ラップ研磨は、シムなどの表面粗さを0.01mm刻みで製作できる加工方法です。鏡面研磨とも呼ばれ、極薄のシムに対応できるため、精度の高い組み立ての用途に用いられます。ここでは、ラップ研磨のメリット・デメリットと加工事例を紹介します。

ラップ研磨の特徴

ラップ研磨は、シムやスペーサーの表面粗さを0.01mm刻みで製作できる研磨のことです。

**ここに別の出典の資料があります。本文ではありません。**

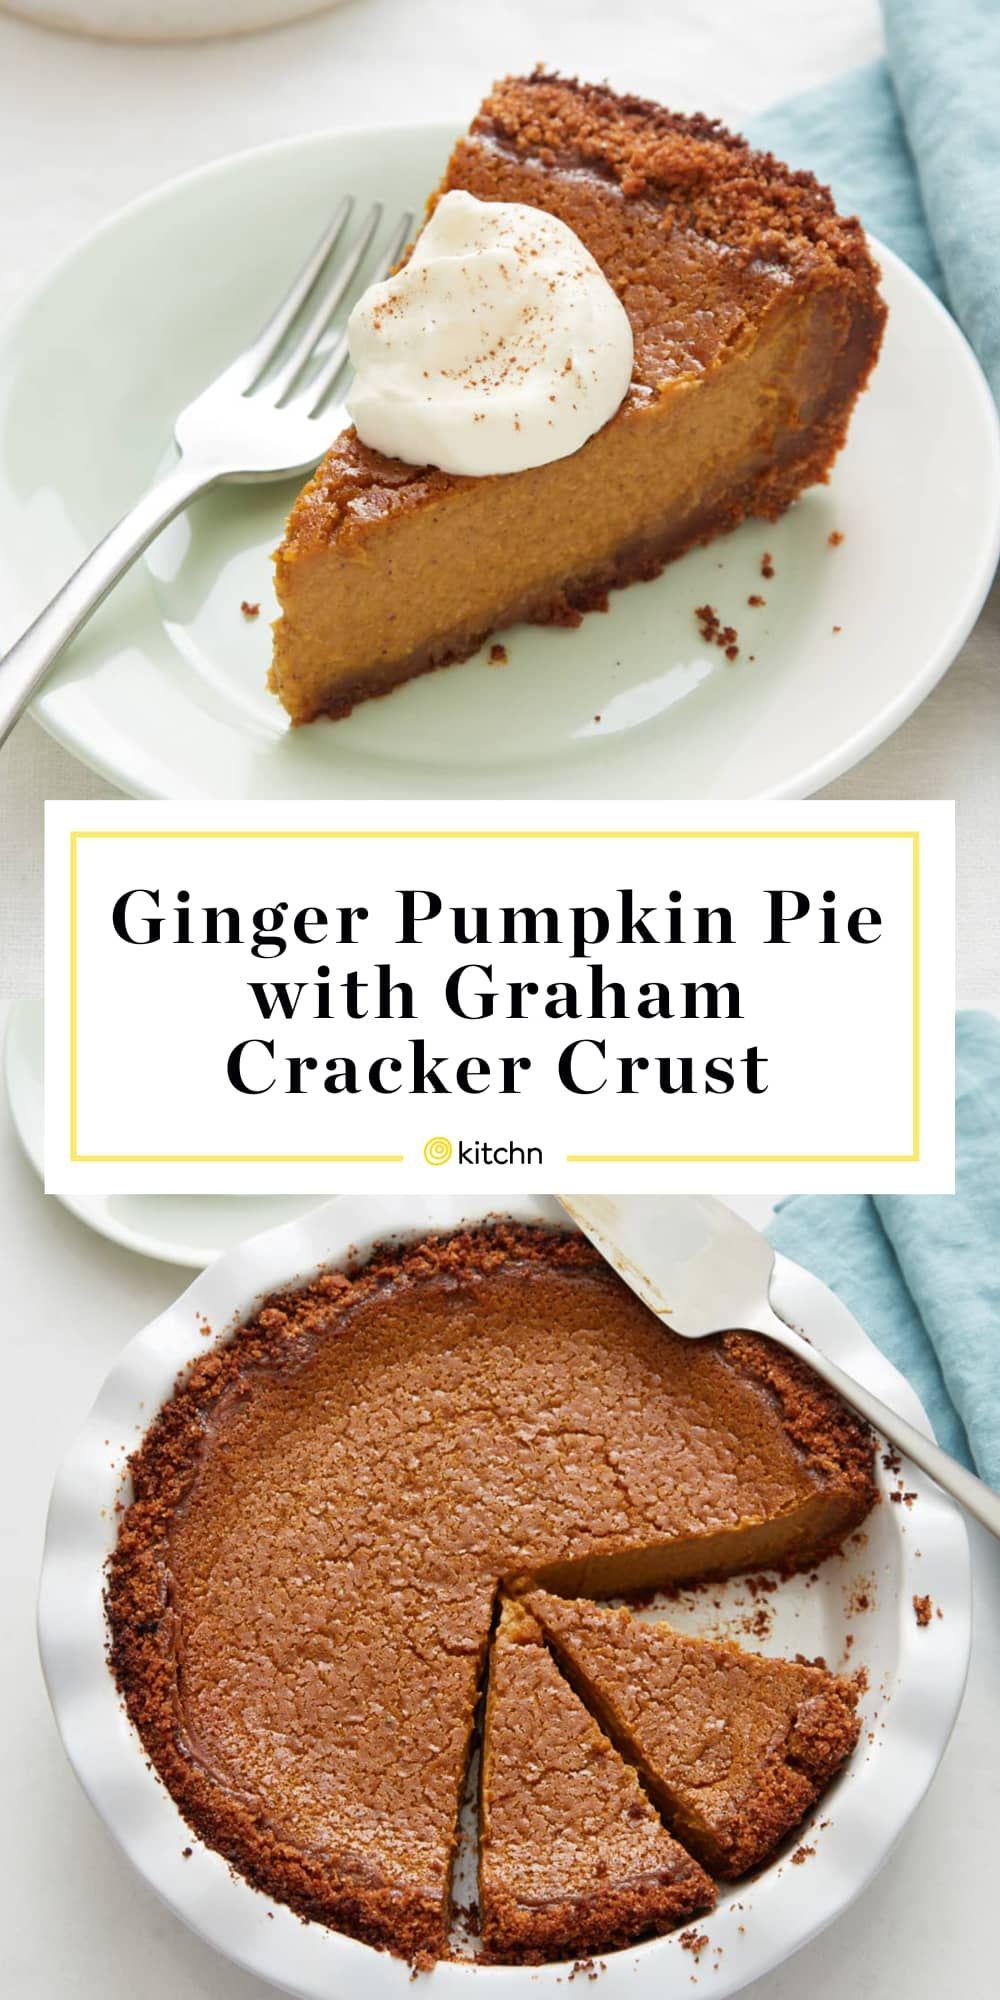 Recipe Ginger Pumpkin Pie With Graham Cracker Crust Recipe Easy Pumpkin Pie Homemade Graham Crackers Graham Cracker Crust Recipe

「ラップ盤」と呼ばれる平たい円盤の台にシム製品などを載せて、研磨剤を流し込んで圧力をかけながら研磨していきます。湿式ラッピングと乾式ラッピングの2種類を要望に応じて使い分けながら研磨します。

湿式ラッピングはラップ剤に工作液を混ぜて加工します。できあがりは光沢感がなく、粗仕上げや中間仕上げに使われる方法です。

乾式ラッピングはラップ盤の上にラップ剤を薄く敷いて、加工の対象物を滑らせながら高圧加工します。精密な仕上げが求められる工程に採用されることが多く、鏡面に仕上がります。

シムやスペーサー製品の仕上げとして採用される加工であり、サイズ・形状・素材の加工幅が広がるほどさまざまな分野の製品に応用できます。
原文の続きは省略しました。